Section 4.1.2 of the vignette has an explanation of how to learn a DBN.
The right way of constructing and using a dataset in your example is
mat <- matrix(data = rnorm(numEvents * numRows * numCols), ncol = numCols * numEvents)
varNames <- rep(paste0("var", 1:numCols), numEvents)
colnames(mat) <- varNames
dataset <- BNDataset(data = mat, discreteness = rep(F, ncol(mat)), variables = varNames, node.sizes = rep(3, ncol(mat)))
dbn <- learn.dynamic.network(dataset, num.time.steps = numEvents)
dbn
will have 120 effective nodes, divided in 40 layers.
Coming to the first question: one idea is to provide an initial network as starting point for the successive time steps. Assuming the dataset at time step t+1
is obtained by adding new columns to the dataset used at time step t
, you have to manually adapt the BN
object to represent the dataset.
From the package vignette:
It is also possible to provide an initial network as starting point for the structure search. This can be done using the
initial.network
argument, which accepts three kinds of inputs:
- a
BN
object (with a structure);- a
matrix
containing the adjacency matrix representing the structure of a network;- the string
random.chain
for starting from a randomly sampled chain-like network.
The simplest option is probably to keep an expand the DAG with 0
s at every augmentation, to have a network with more nodes, and no edges going to the new nodes, and to use that new DAG as starting point. In your example:
library(bnstruct)
numEvents <- 40
numRows <- 5
numCols <- 3
mat <- matrix(data = rnorm(numRows * numCols), ncol = numCols)
varNames <- paste0("var", 1:numCols)
colnames(mat) <- varNames
dataset <- BNDataset(data = mat,
discreteness = rep(F, ncol(mat)),
variables = varNames,
node.sizes = rep(3, ncol(mat)))
dbn <- learn.network(dataset)
for (event in 2:numEvents) {
# collect new data
new.mat <- matrix(data = rnorm(numRows * numCols), ncol = numCols)
colnames(new.mat) <- paste0(varNames, "_", event)
mat <- cbind(mat, new.mat)
dataset <- BNDataset(data = mat,
discreteness = rep(F, ncol(mat)),
variables = colnames(mat),
node.sizes = rep(3, ncol(mat)))
# expand structure of the DBN, adding the nodes relative to the new event
dbn.dag <- dag(dbn)
n.nodes <- ncol(dbn.dag)
new.dag <- matrix(0, nrow=ncol(mat), ncol=ncol(mat))
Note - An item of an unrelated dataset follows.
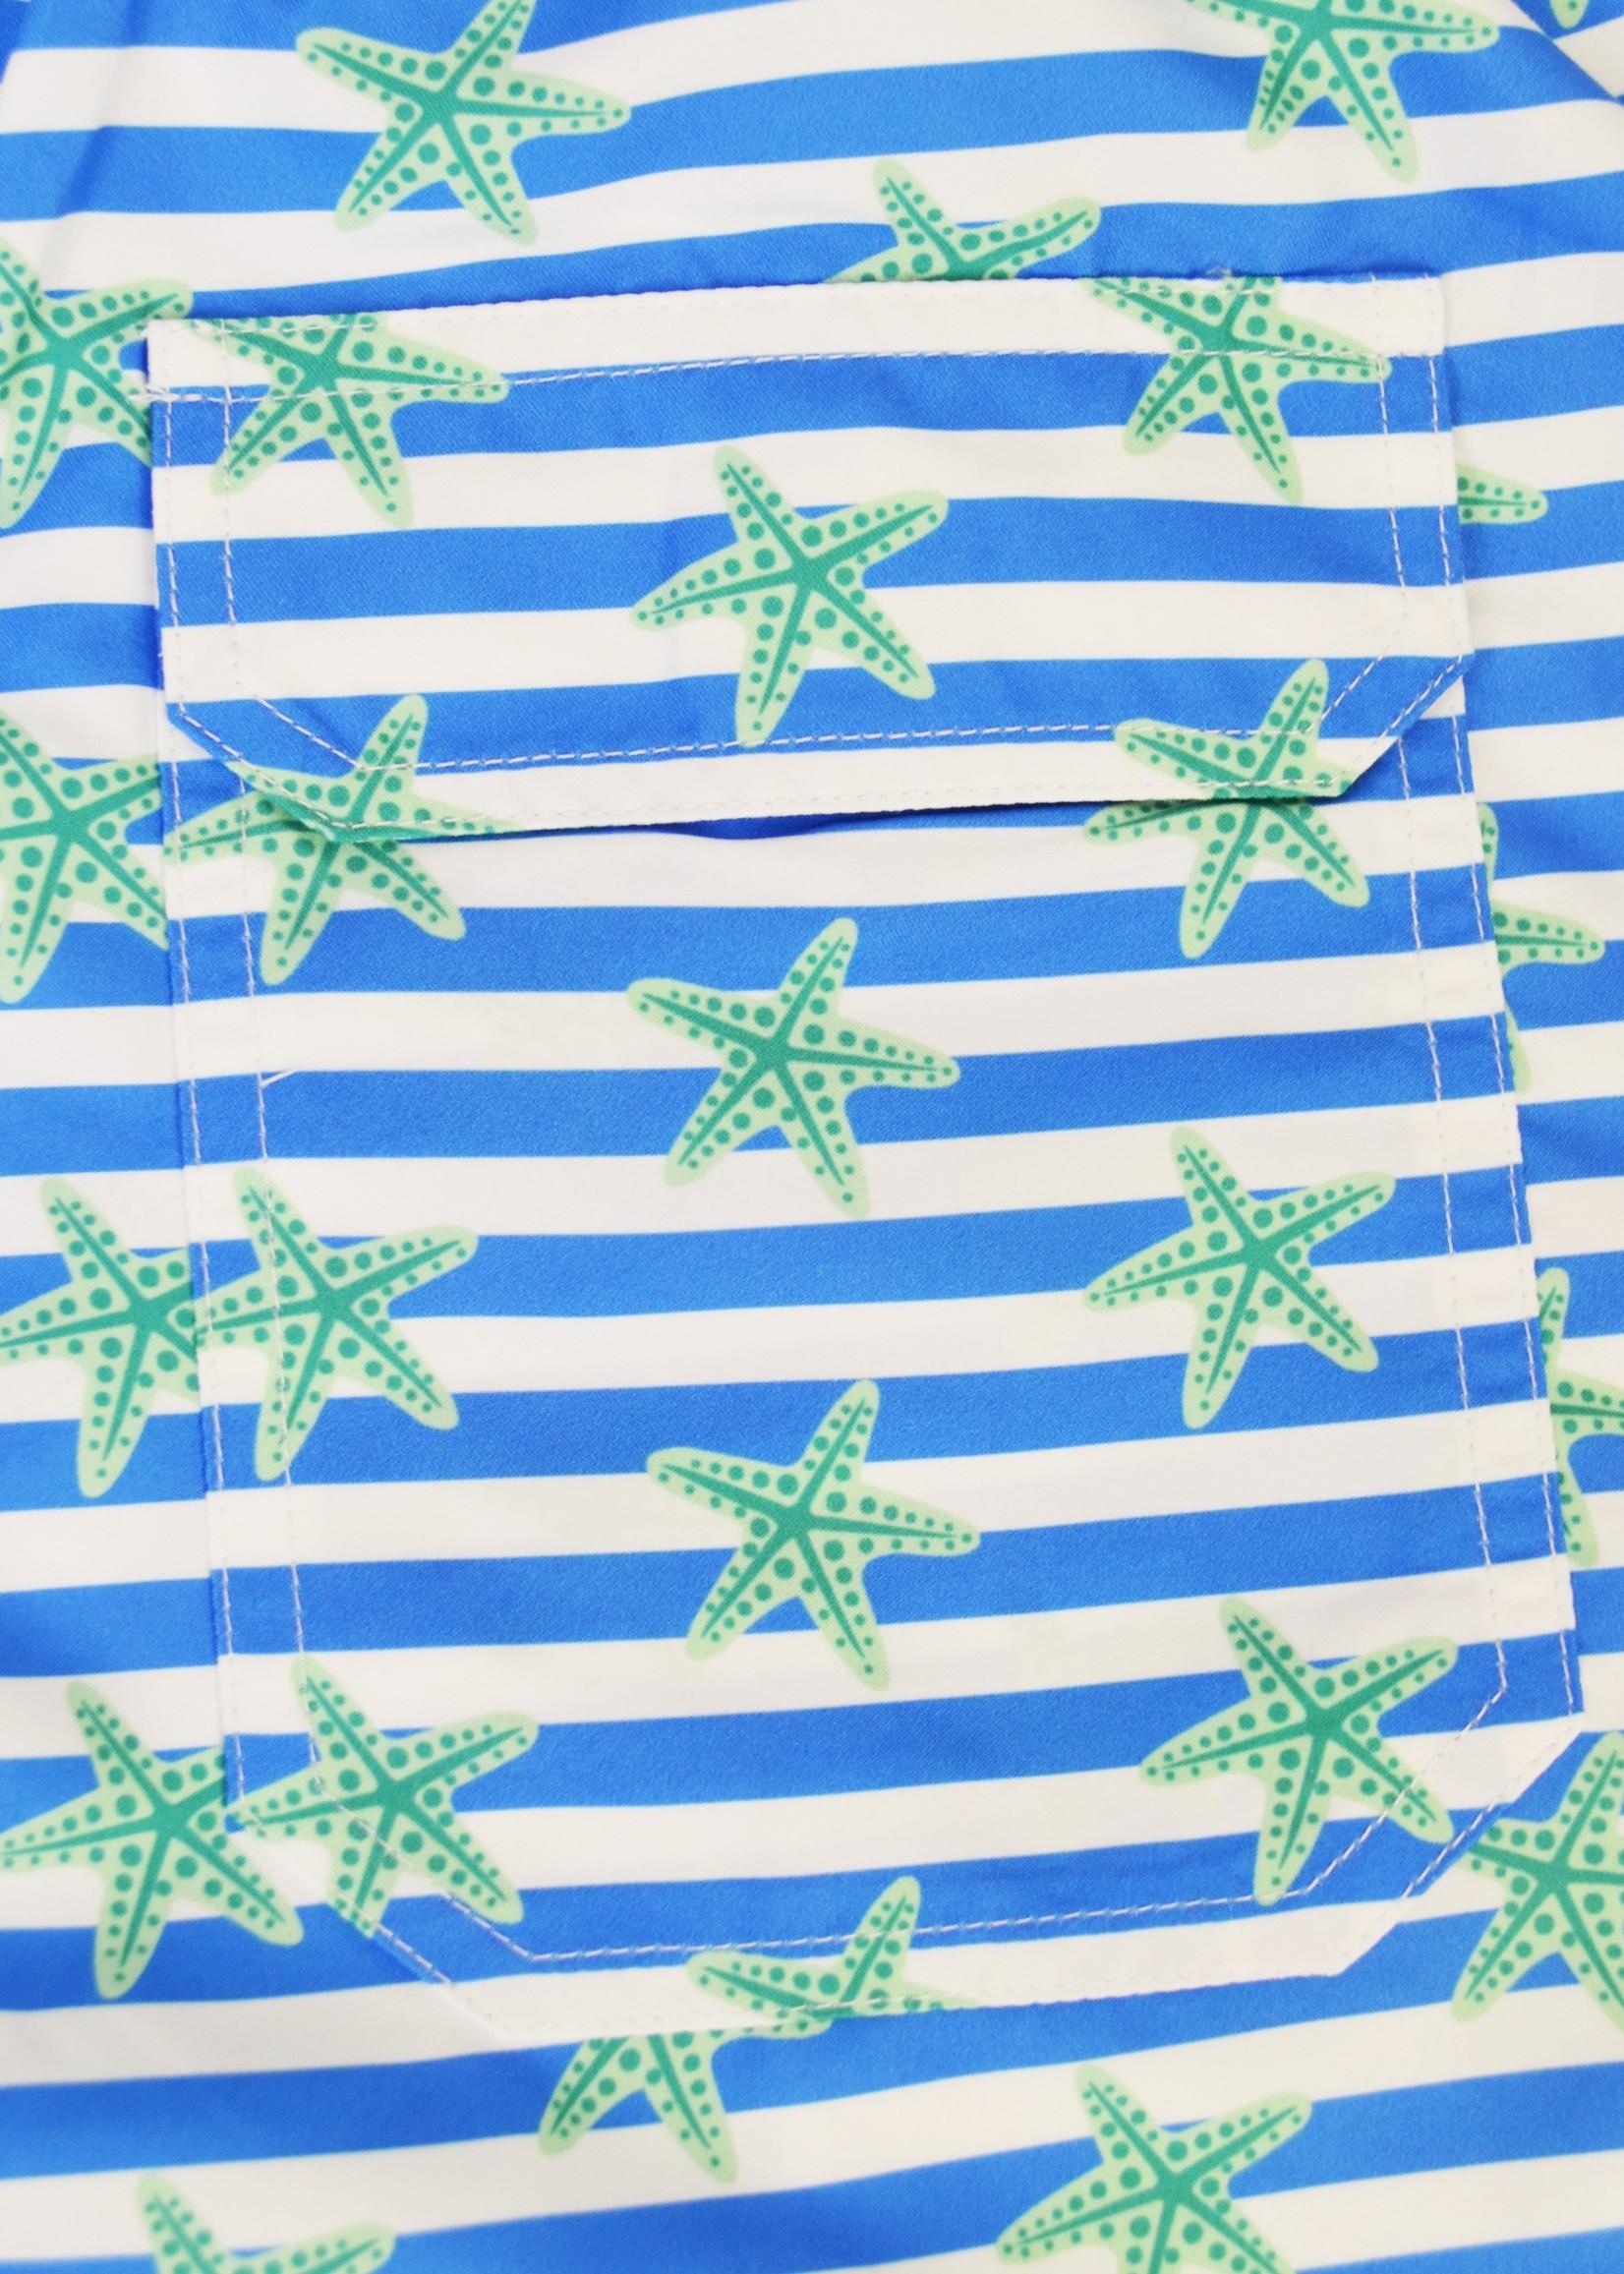 bald head blues Ultramarine Starfish Swim Trunks

new.dag[1:n.nodes, 1:n.nodes] <- dbn.dag
# learn
dbn <- learn.dynamic.network(dataset,
initial.network = new.dag,
num.time.steps = event)
}
This will, however, re-learn the whole DBN every time. If edges can go only to the immediate following layer you can trim the search space by providing a layer.struct
parameter, or by learning using two events at a time and manually building the larger DBN.
For the second question, bnstruct at the moment does not provide parallel processing.
Upvotes: 4